What choice have we got? Rot here or get out of here with them? At least Daddy would pay a good ransom, and I have to admit that at this point I'm tempted by piracy myself."

  Pierce-Arro saw no reason to keep the general on the wire, as it were, any longer, anyway, so he released him. Soon the figure of genial Frank Poole the android ambled up to them, but it wasn't all that clear that he was going to be any help.

  "I'm higher'n a kite," he said with a smile, "and mellower than a kitten.

  "What's wrong with him?" Marshmallow asked.

  "I think he got too much recharging current beingheld there so long. I'm afraid that now he's turned on," Pierce commented.

  "Yeah, that's me," General Pierce responded. "Like, wow, man! Turned on, juiced up, tuned in, and charged to the hilt!" He crackled a little bit when he moved as if to emphasize the point.

  "Don't touch him!" Pierce warned. "He's probably got enough energy there to electrocute anybody he touches!"

  As if to emphasize the point, the general grabbed the back of a chair and the plastic sizzled and started to melt, stinking up the cabin.

  "Well, he's shoah no help, sugah," she commented. "Only thing he's good foah is shakin' a few pahrate hands and fryin"em like bacon and grits!"

  "Who's that big ugly dude on the screen?" the general asked innocently.

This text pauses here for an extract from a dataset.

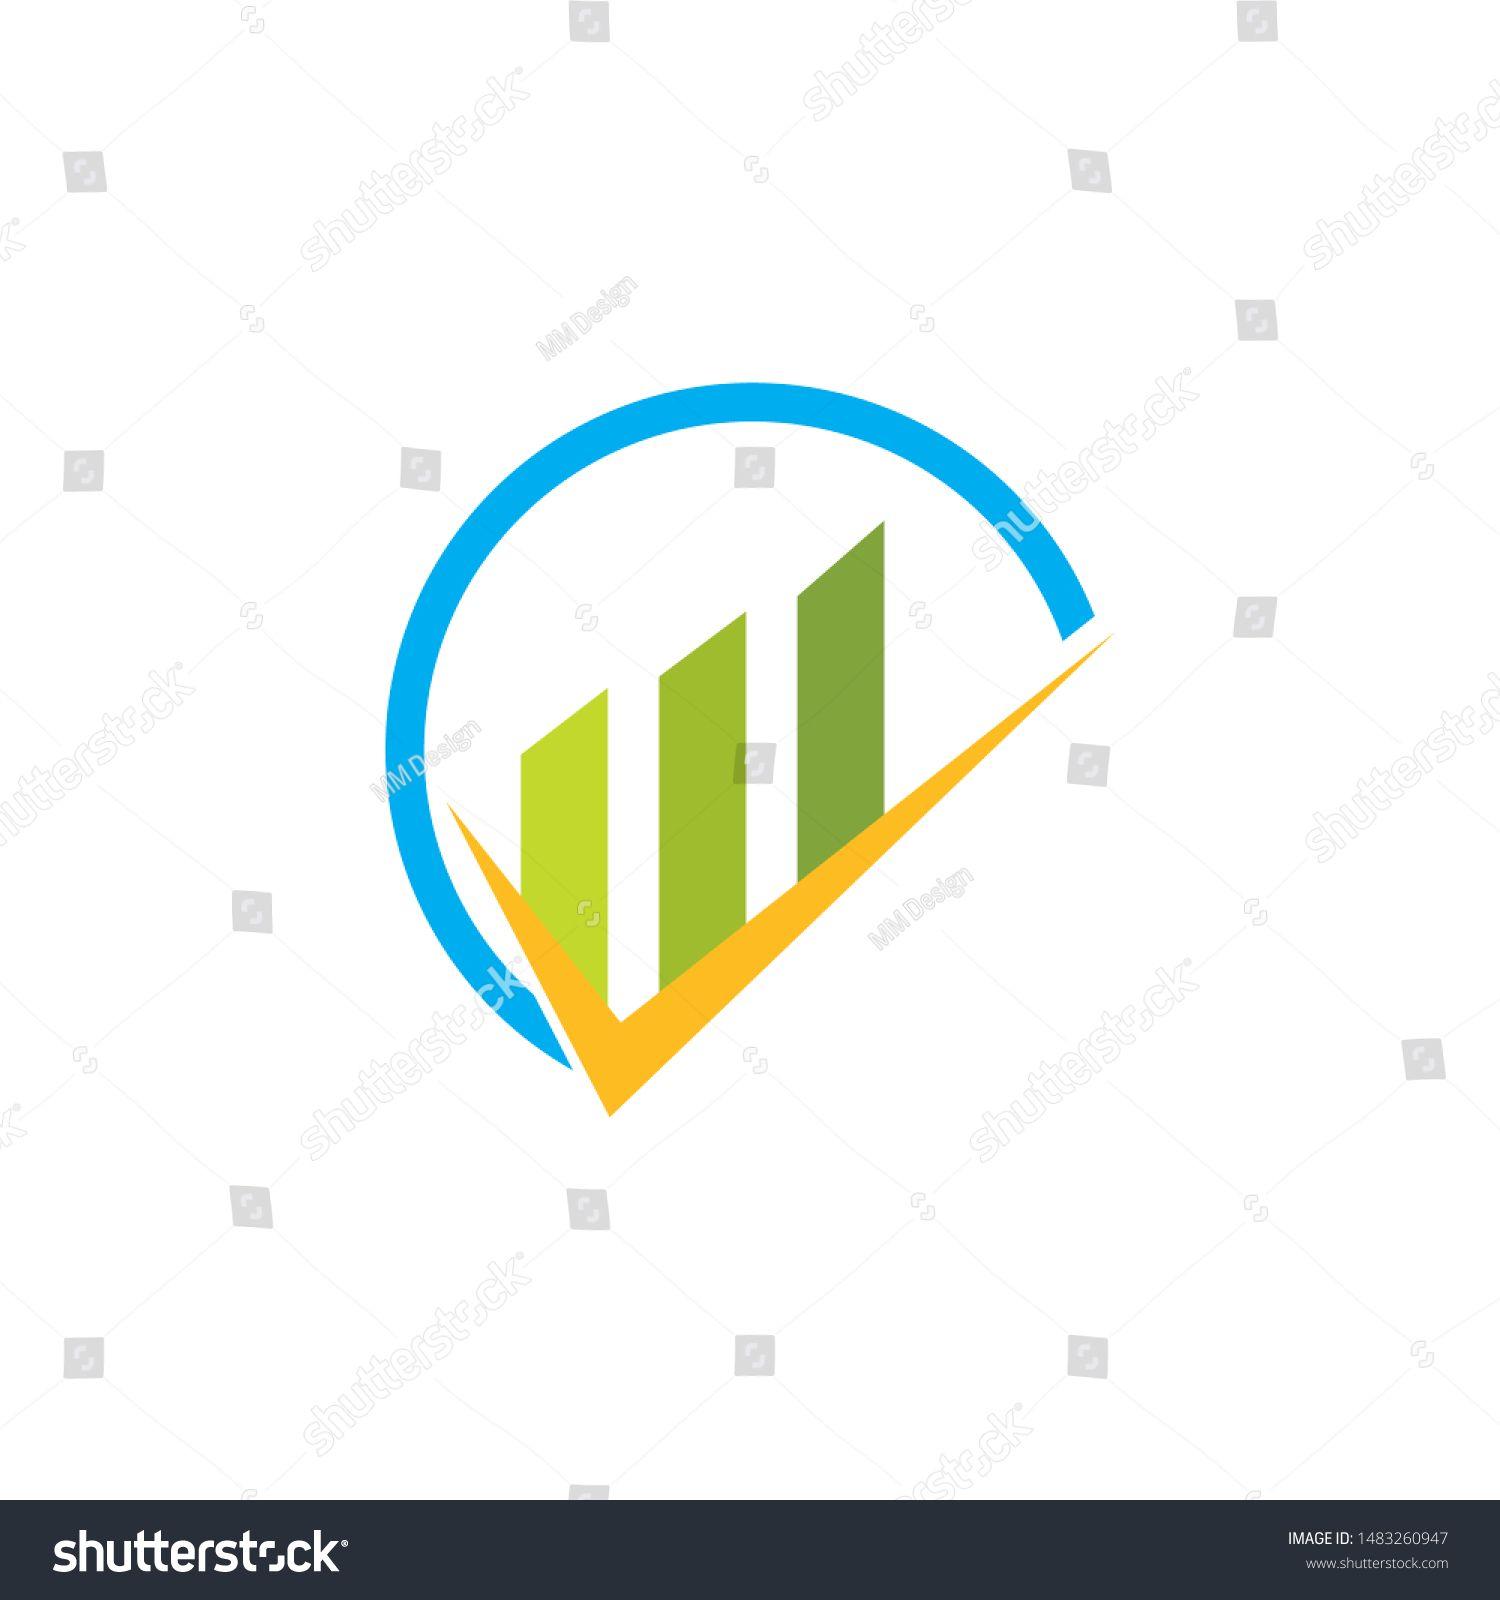 Business Finance Professional Logo Template Vector Sponsored Affiliate Professional Finance Business Vector In 2020 Stock Market Flyer Design Logo Templates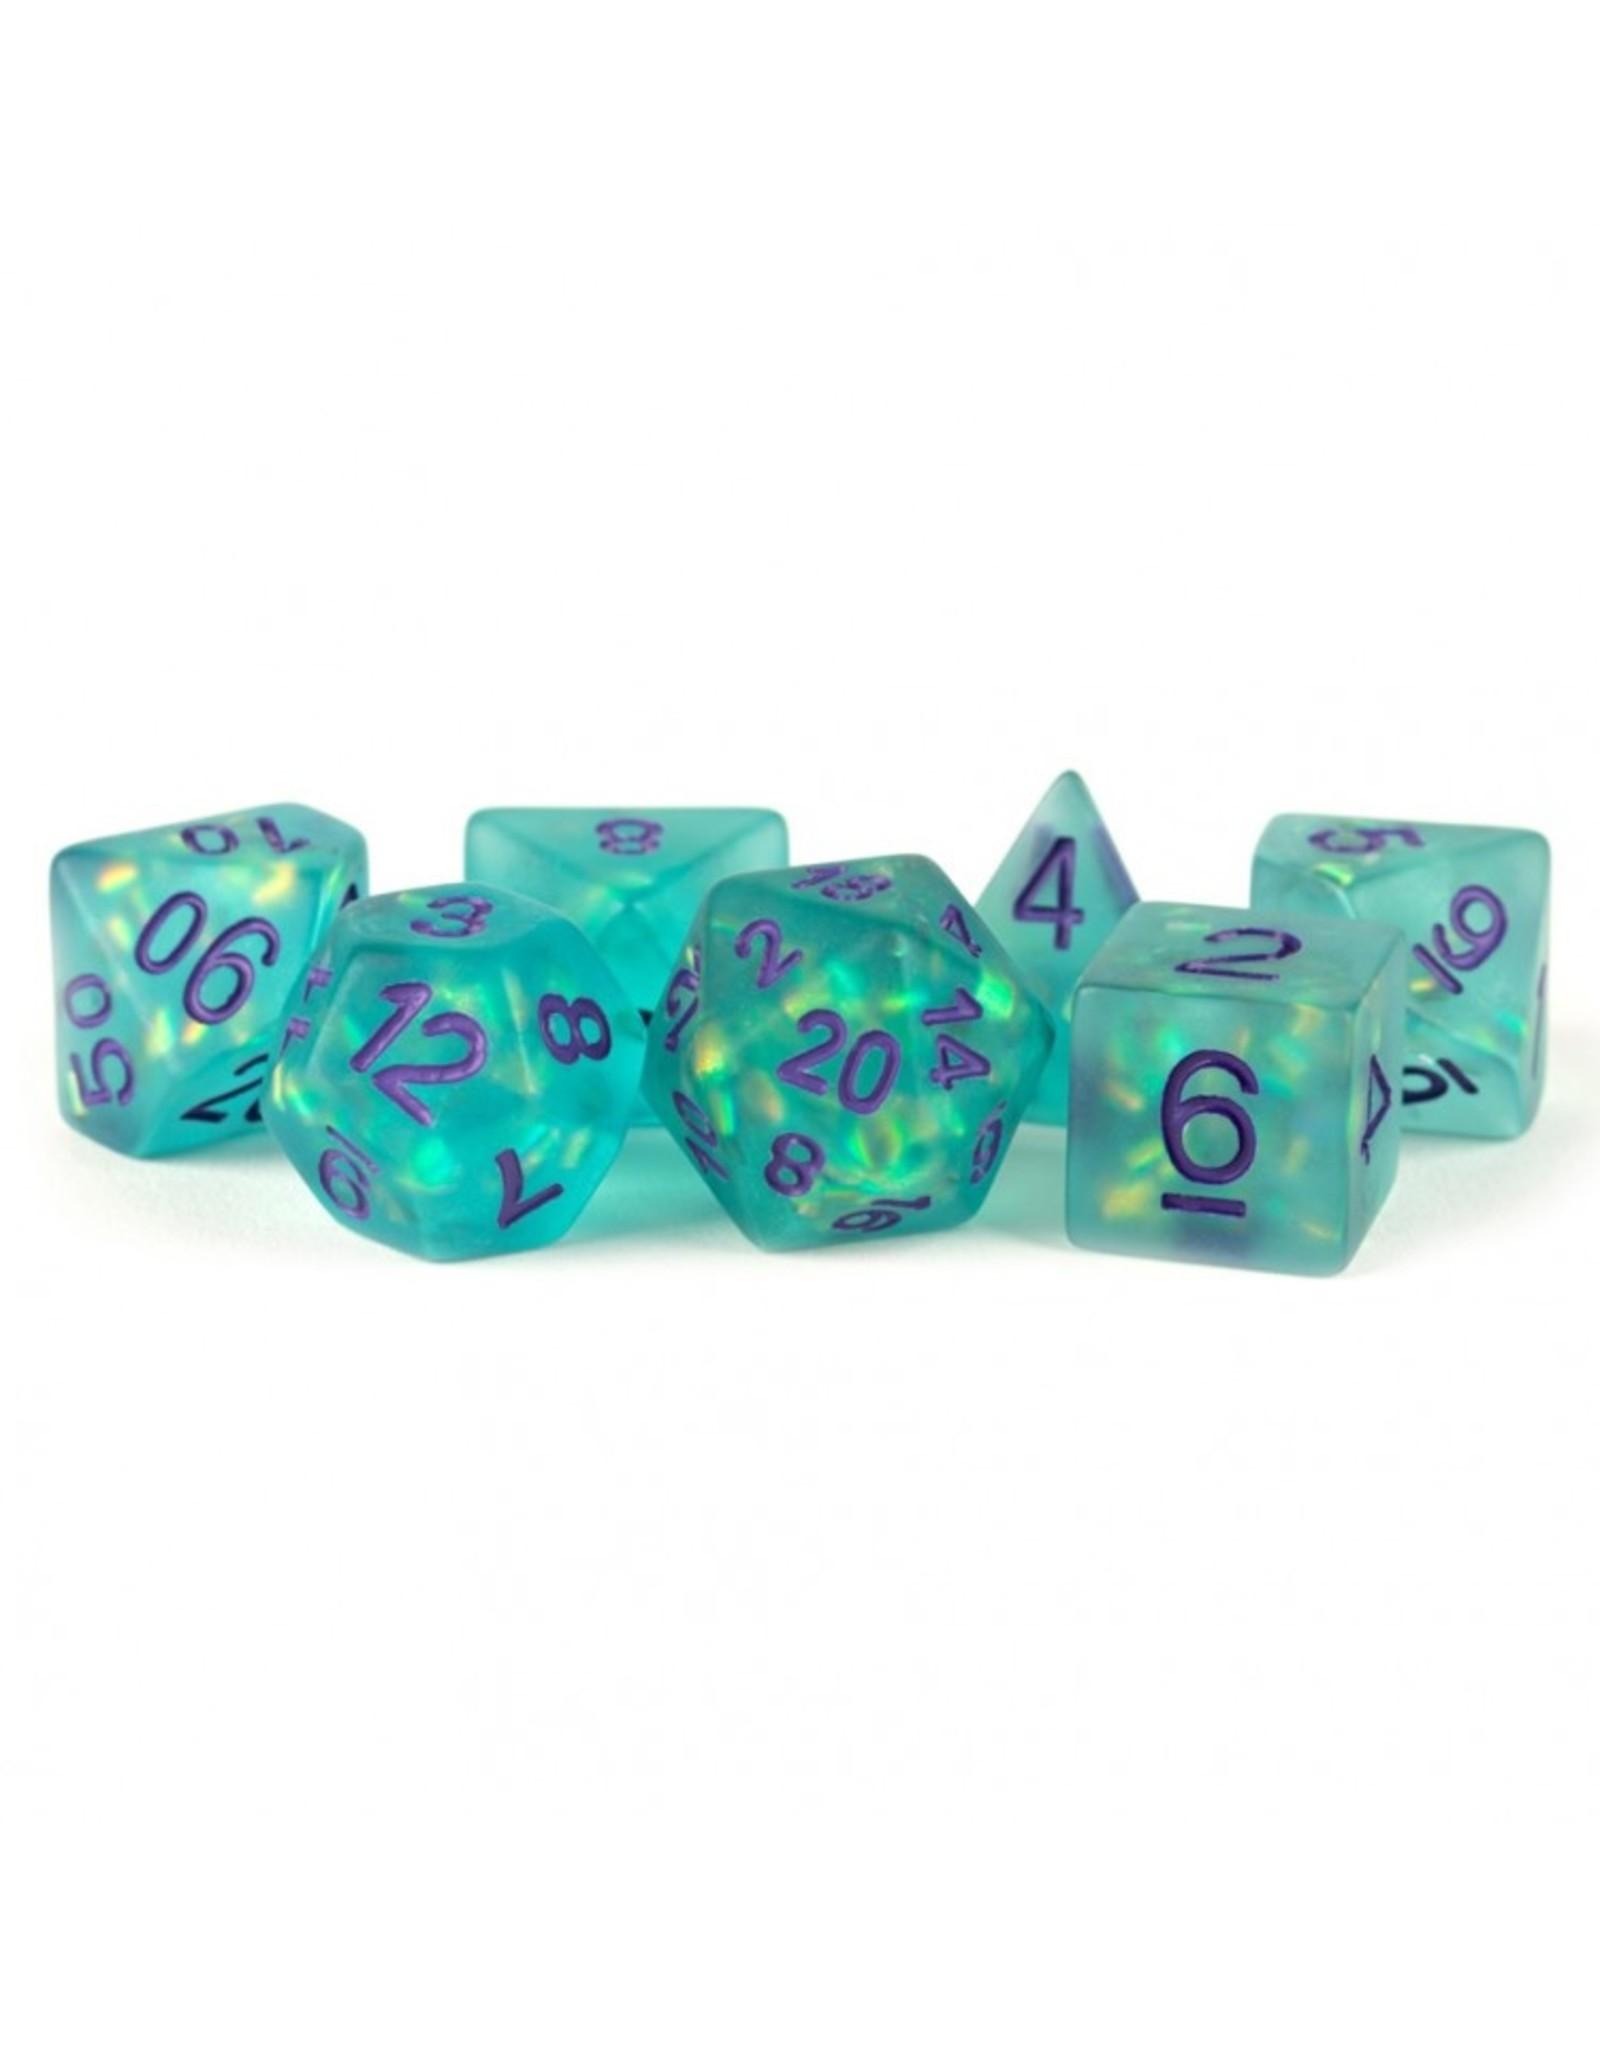 Dice 7-Set: Icy Opal TLpu

  "An! Who you callin' a big, ugly dude, you poor excuse for a deckhand?" the pirate exclaimed angrily. "If it wasn't for the fact that we don't gets paid unless we delivers the wench whole, I'd come over there and short out a few choice circuits! I got 'alf a mind to throw a tractor beam on ye and take ye all back as a neat package to La Hibernia. Pierce and Marshmallow both turned toward the screen, mouths agape. Finally Pierce asked, "Uh, Captain, why don't you do that? You've got to have a space drydock there of some kind just to keep your own ship in its excellent condition. There we could be safely removed by using a pressure tunnel and wrapping what's left of my poor ship."

  "An, that's not a bad plan, matey! Glad I thought of it!"

  "Sorry," Pierce-Arro broke in, "but it won't work. The vibration from entering hyperspace would still break us to pieces."